- Source material:
====

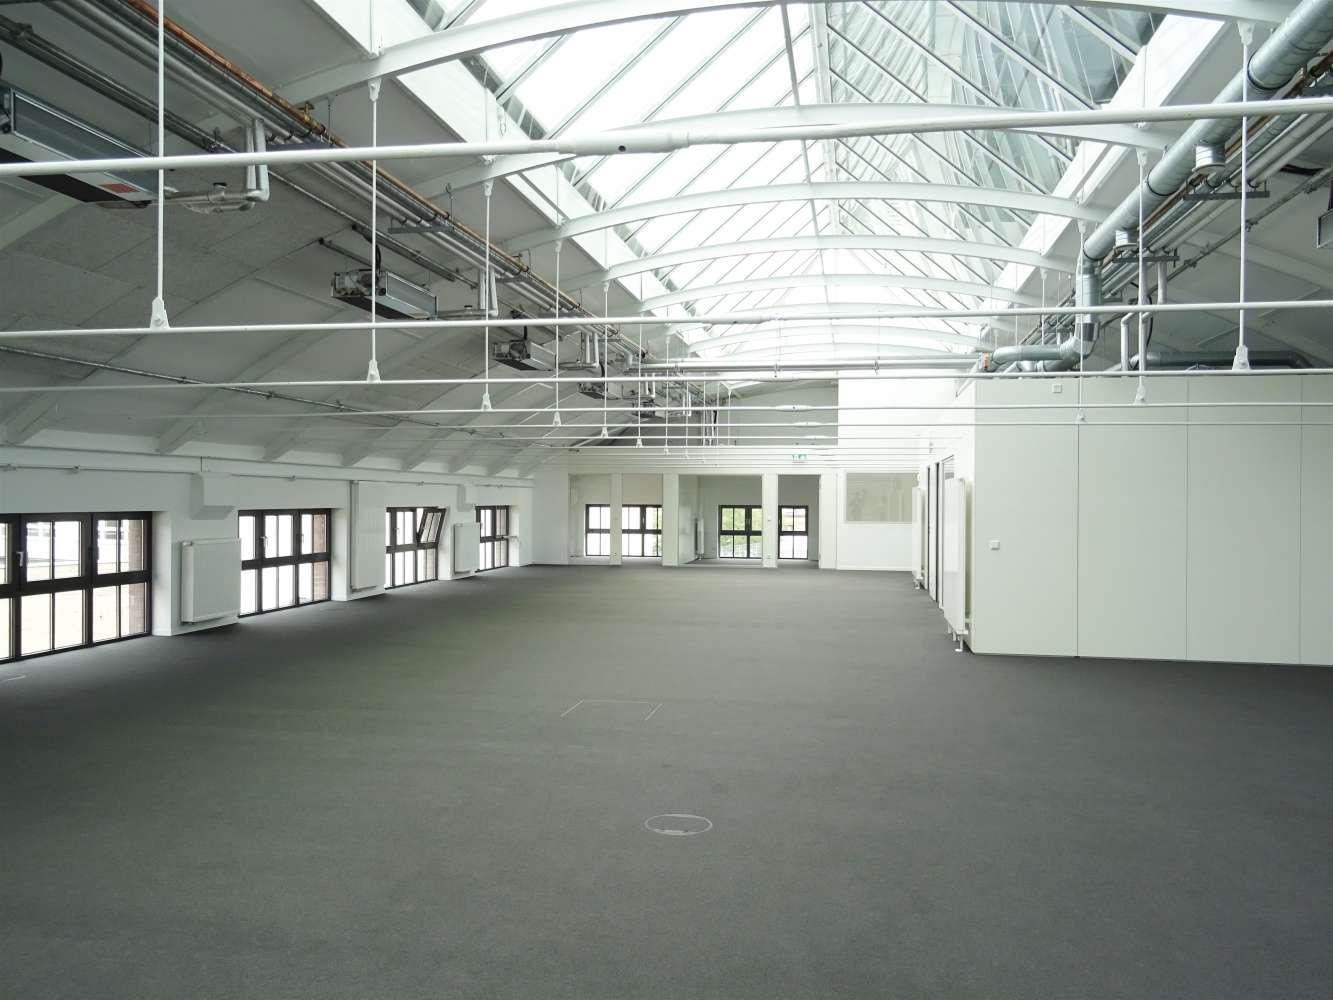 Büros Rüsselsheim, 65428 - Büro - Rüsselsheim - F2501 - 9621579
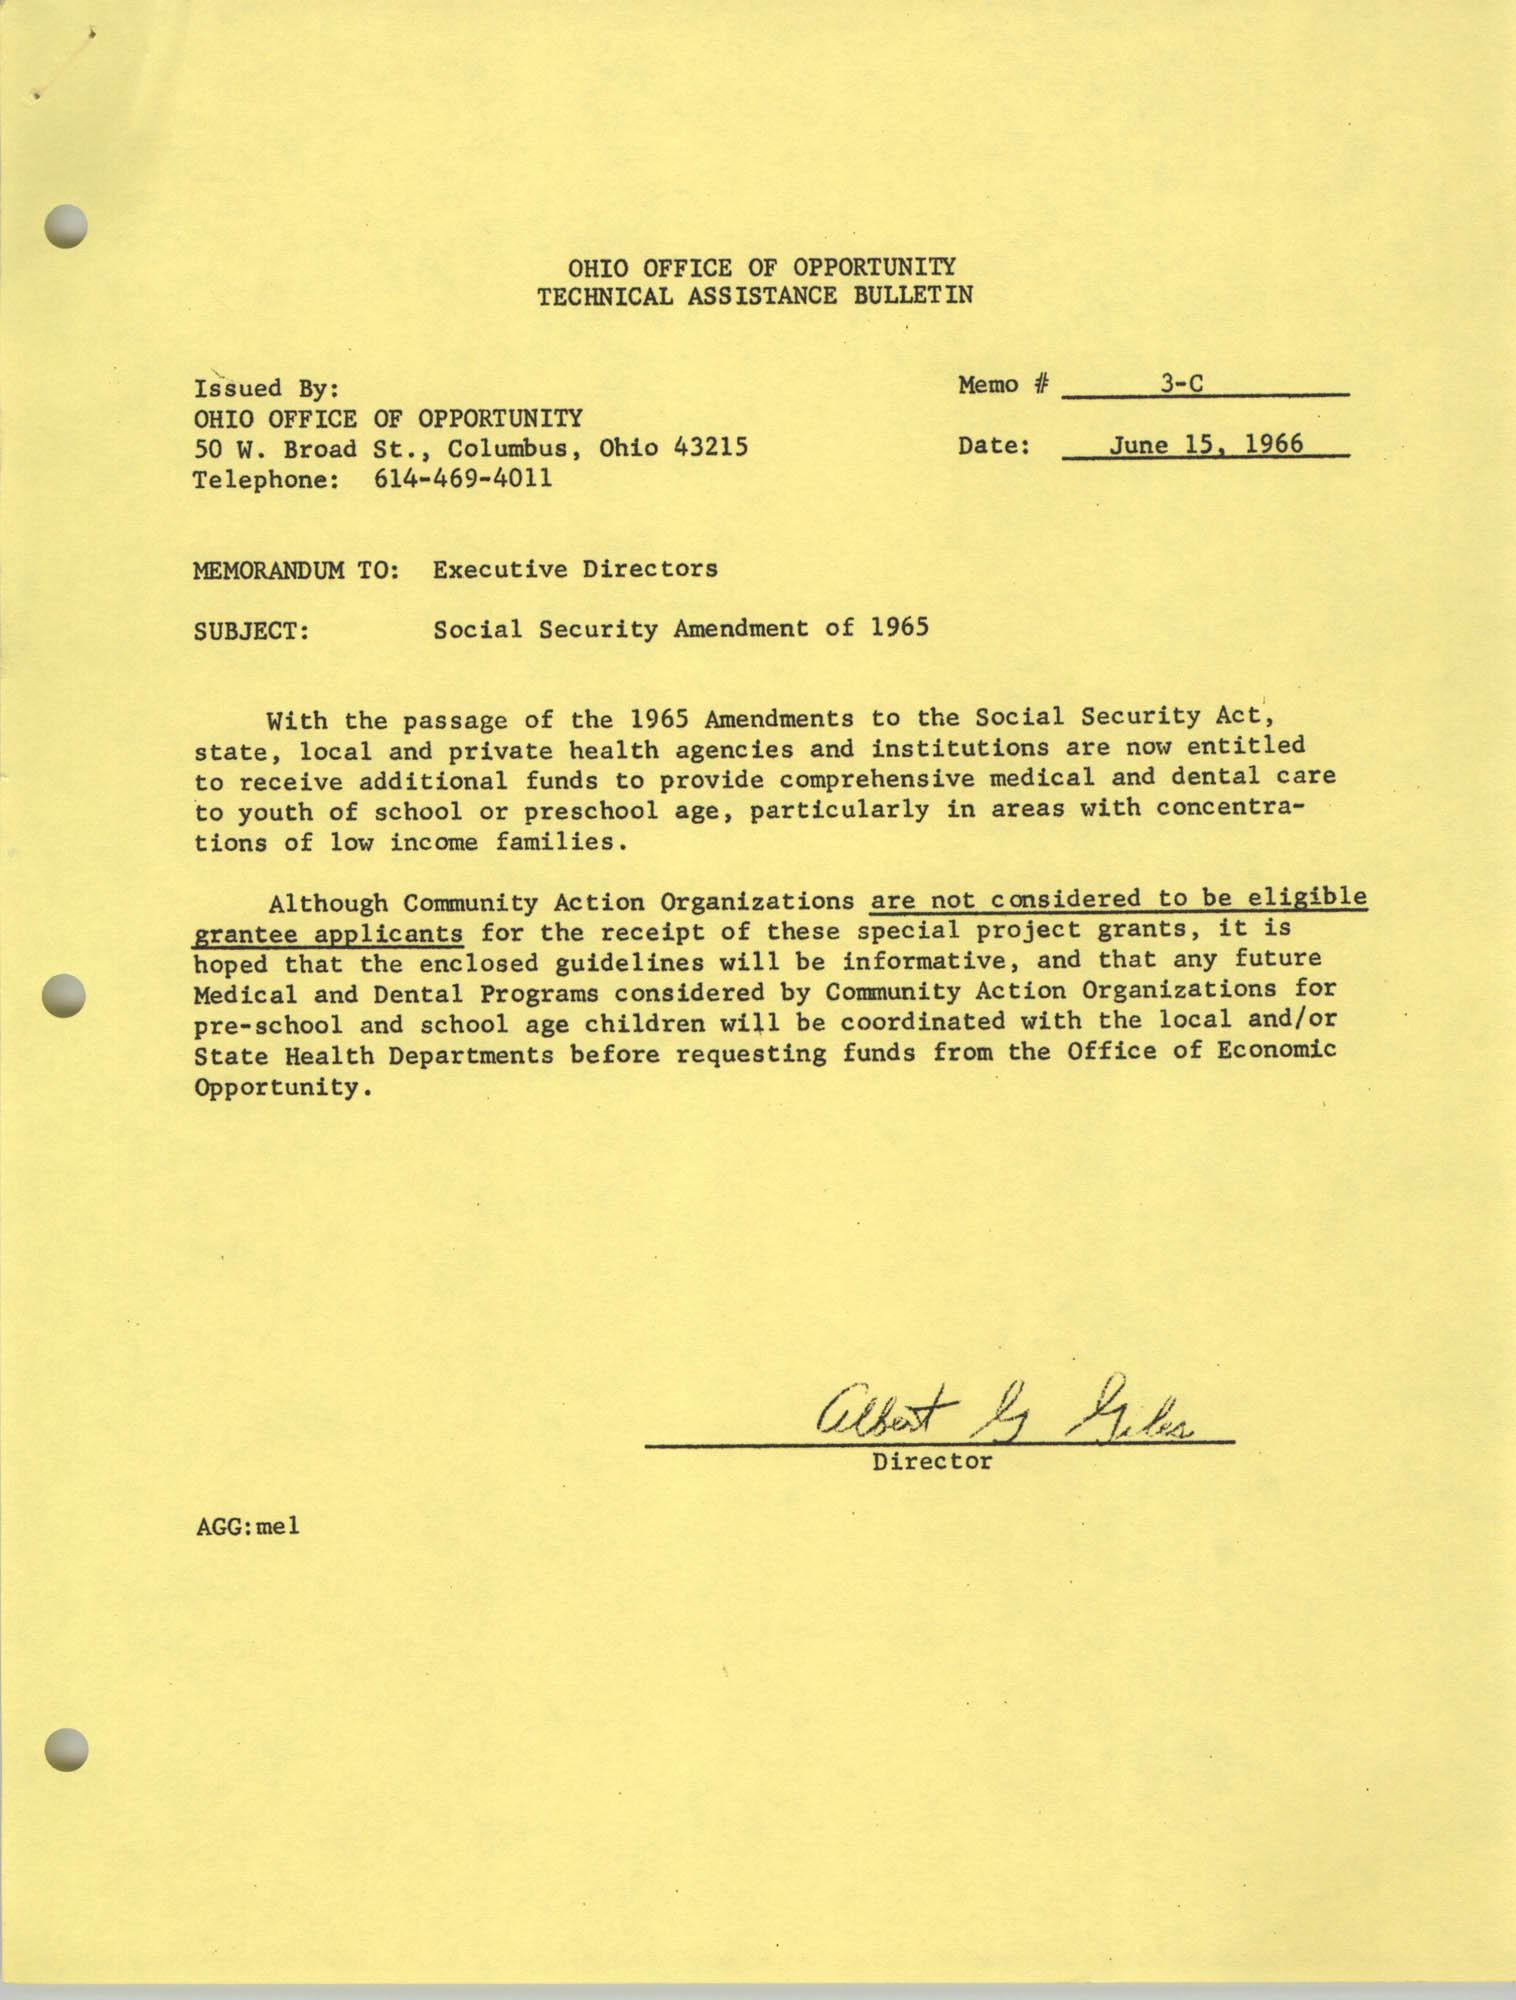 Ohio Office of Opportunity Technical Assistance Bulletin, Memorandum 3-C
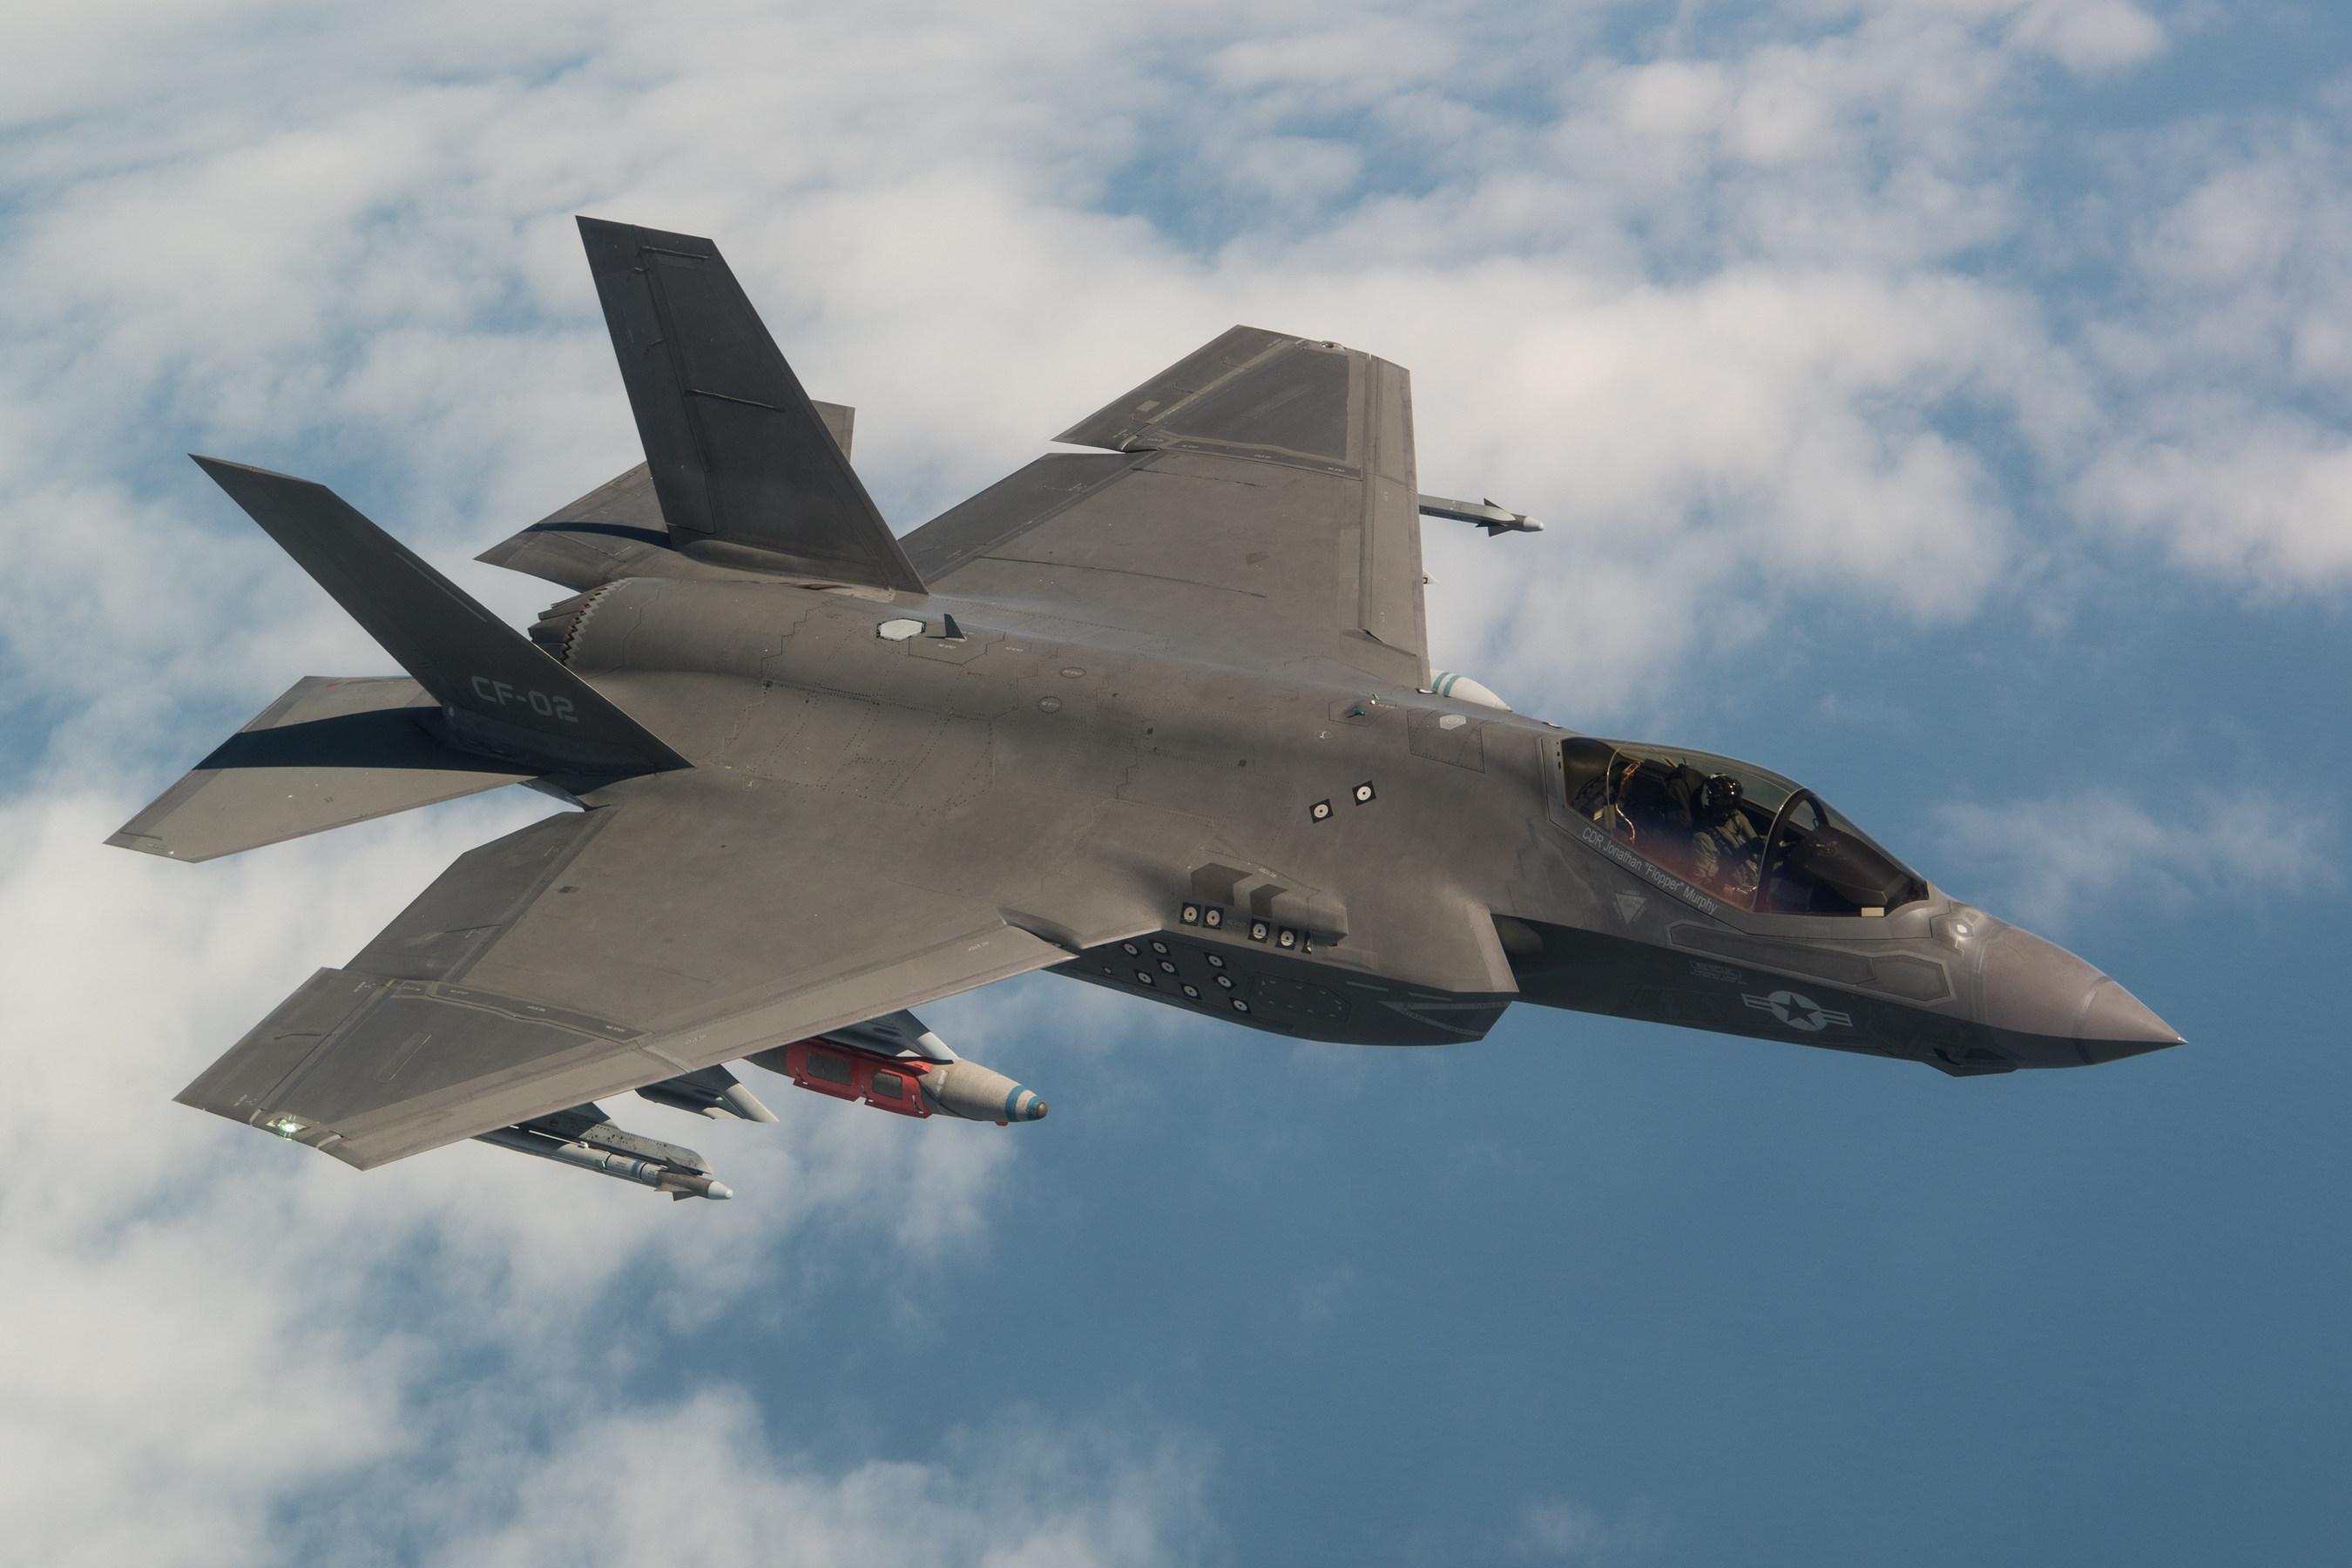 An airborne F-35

====

- Work item:
The data above is to be printed exactly, all of it, except for the pictures.

- Reply:
 Büros Rüsselsheim, 65428 - Büro - Rüsselsheim - F2501 - 9621579
 Ohio Office of Opportunity Technical Assistance Bulletin, Memorandum 3-C
 An airborne F-35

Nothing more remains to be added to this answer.